> **Recorded data**
=== Section Start ===
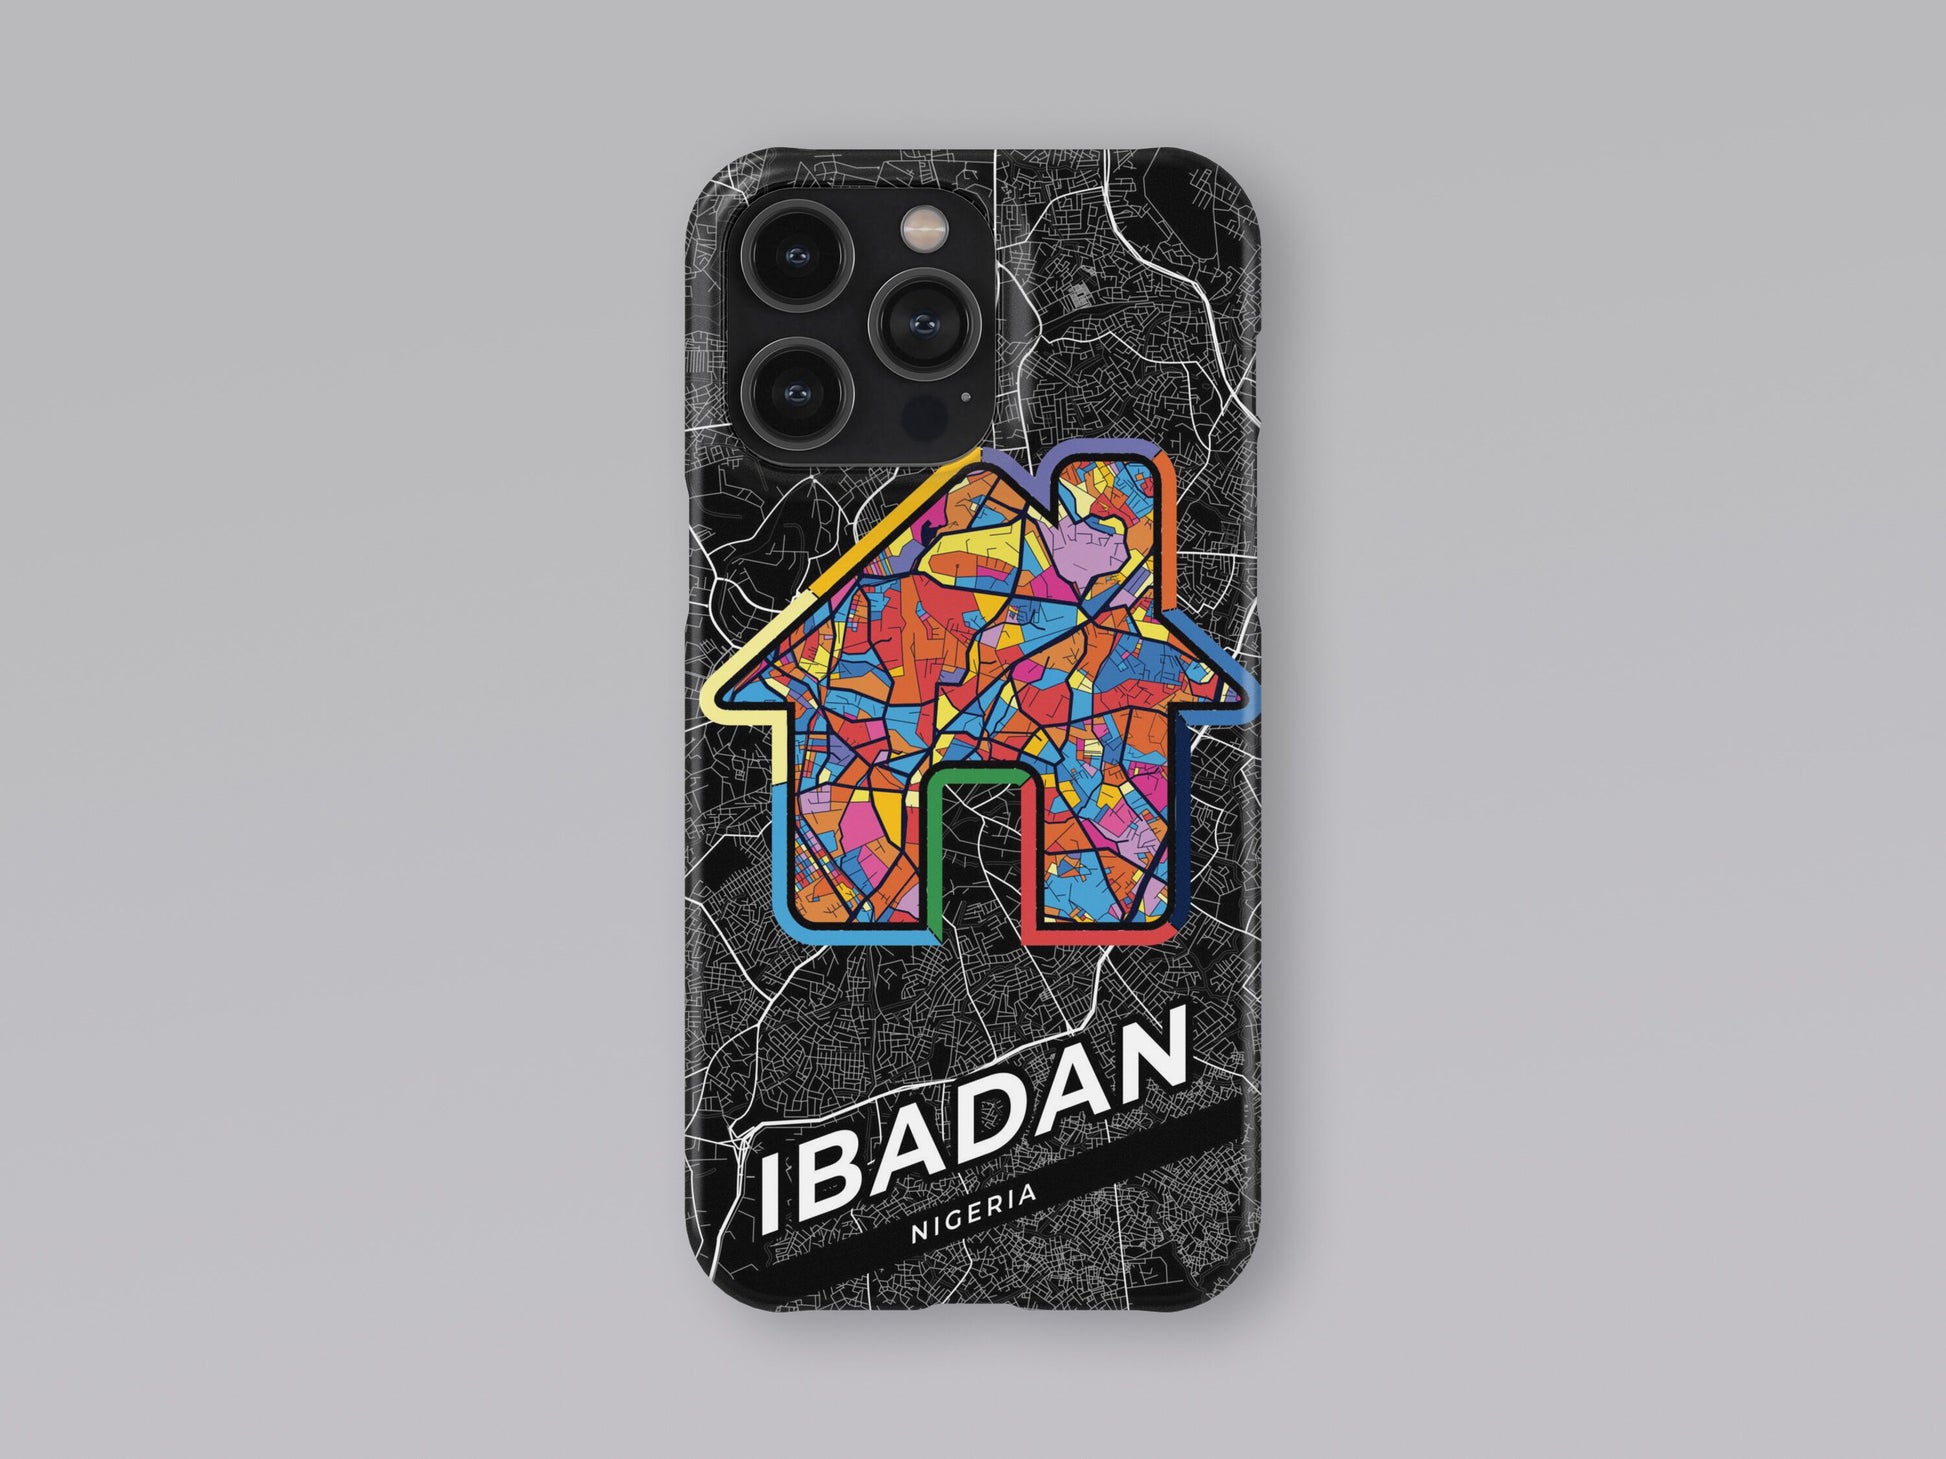 Ibadan Nigeria slim phone case with colorful icon. Birthday, wedding or housewarming gift. Couple match cases. 3
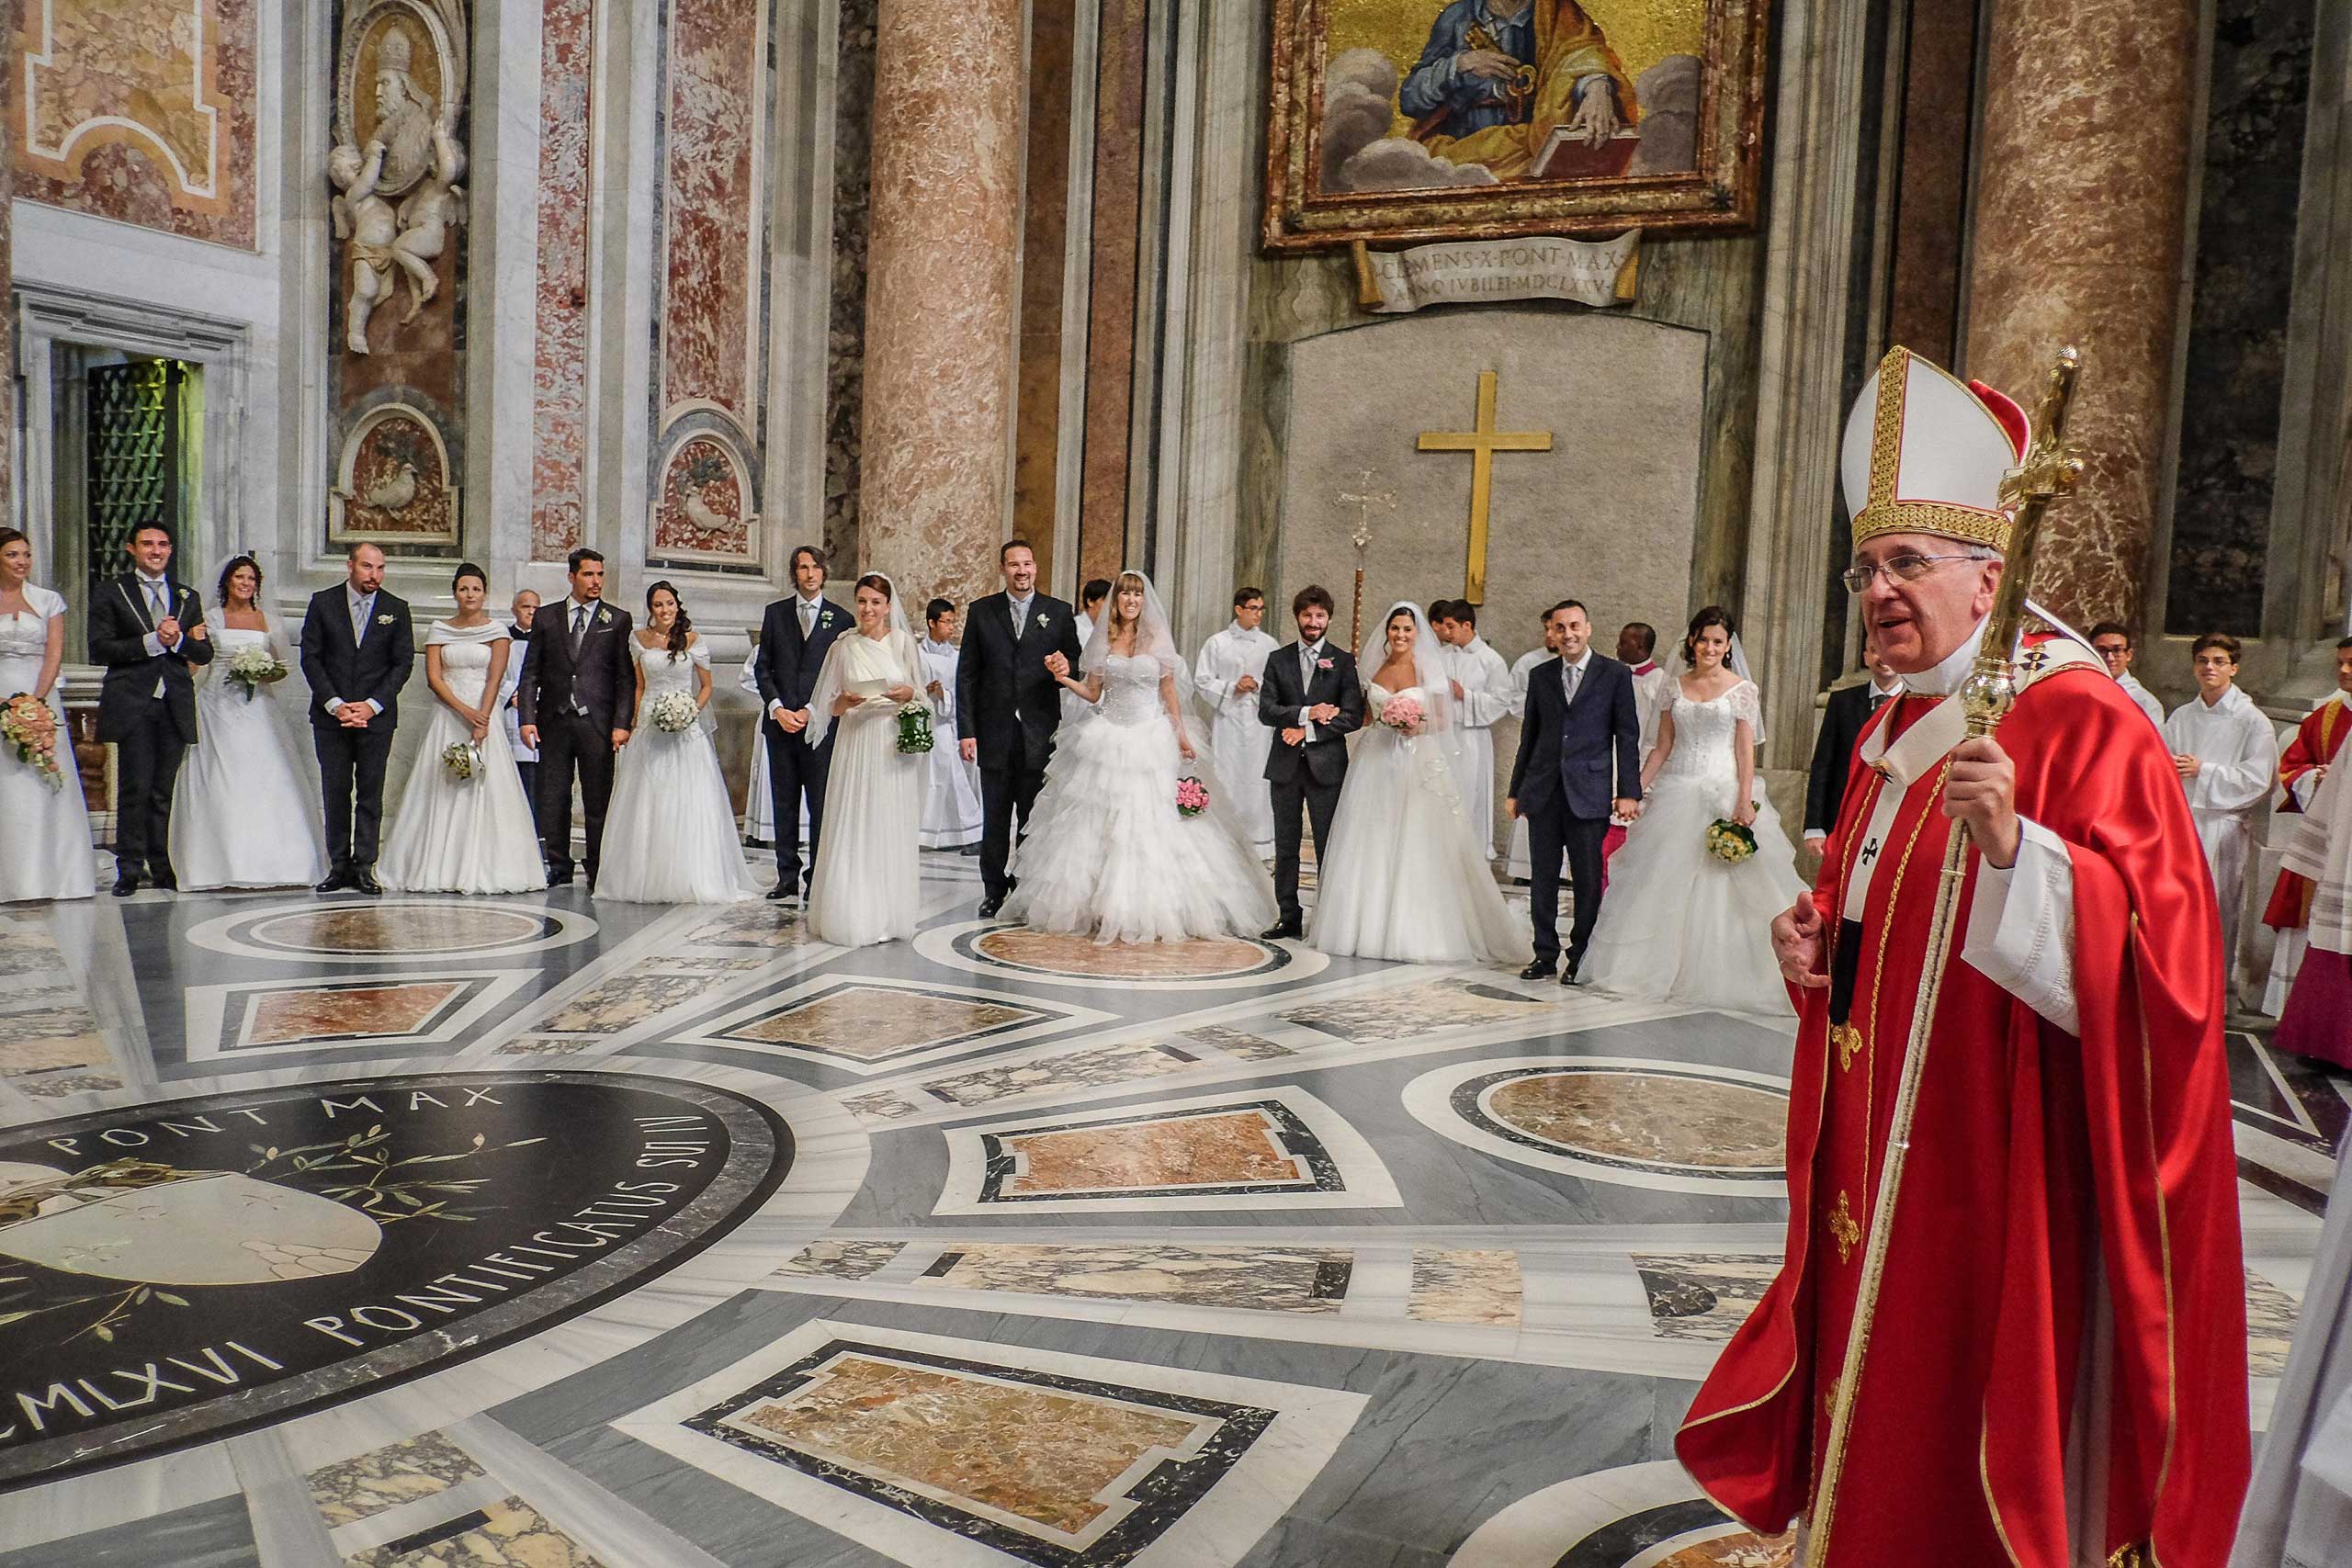 Sept. 14, 2014. Pope Francis celebrates the wedding of 20 couples in St. Peter's Basilica, Vatican City.
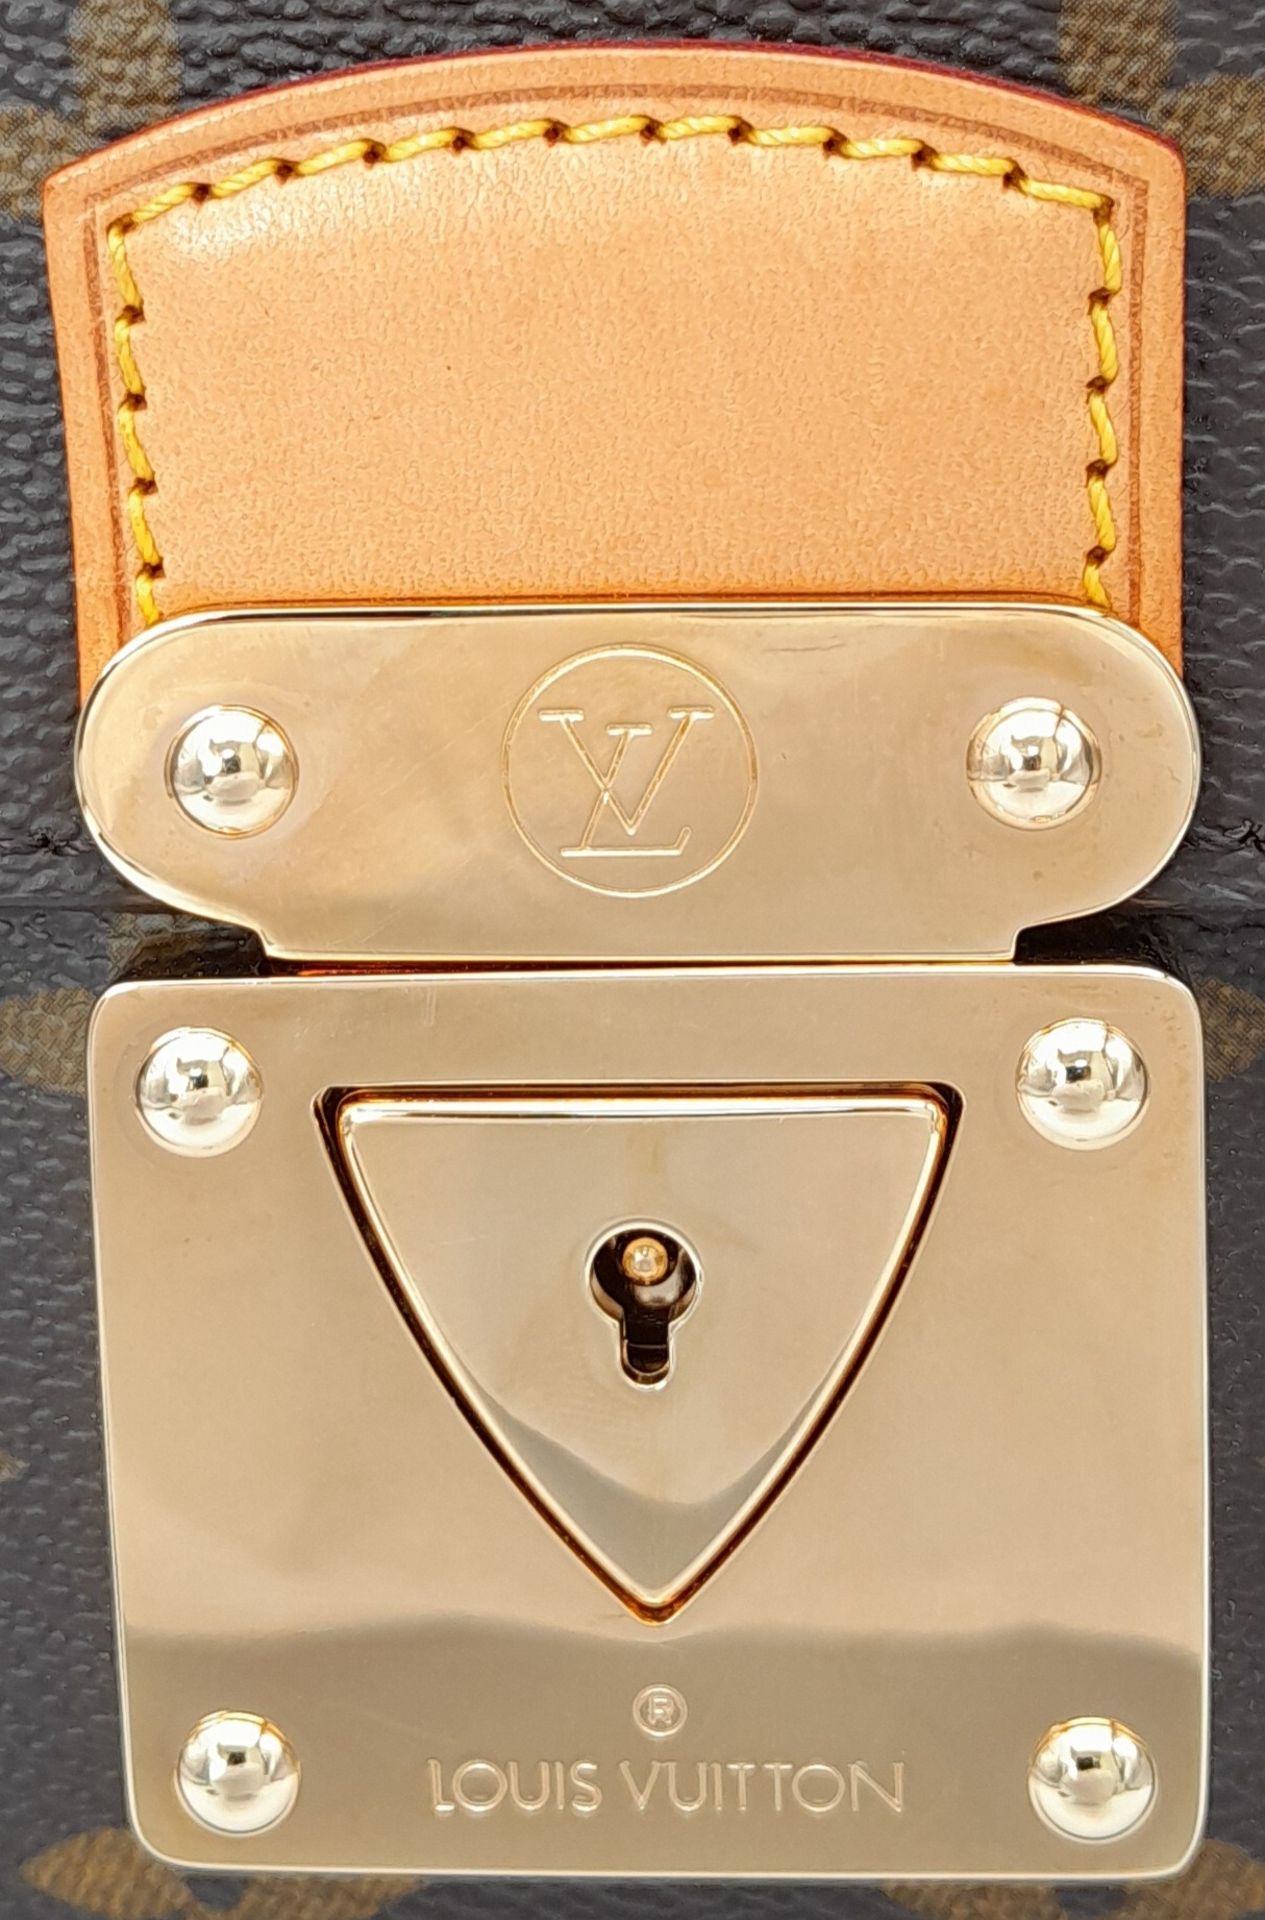 AN IMMACULATE LOUIS VUITTON CLASSIC BRIEF CASE IN UNUSED CONDITION WITH ORIGINAL DUST COVER . 38 X - Image 3 of 10
=== Section End ===
> **Exercise aim**
Pictures should not appear; only the lines from the start of the listing above to the line containing "Sept. 14, 2014.", both ends included, are to be repeated exactly.

> **Result below**
 Ibadan Nigeria slim phone case with colorful icon. Birthday, wedding or housewarming gift. Couple match cases. 3
 Sept. 14, 2014. Pope Francis celebrates the wedding of 20 couples in St. Peter's Basilica, Vatican City.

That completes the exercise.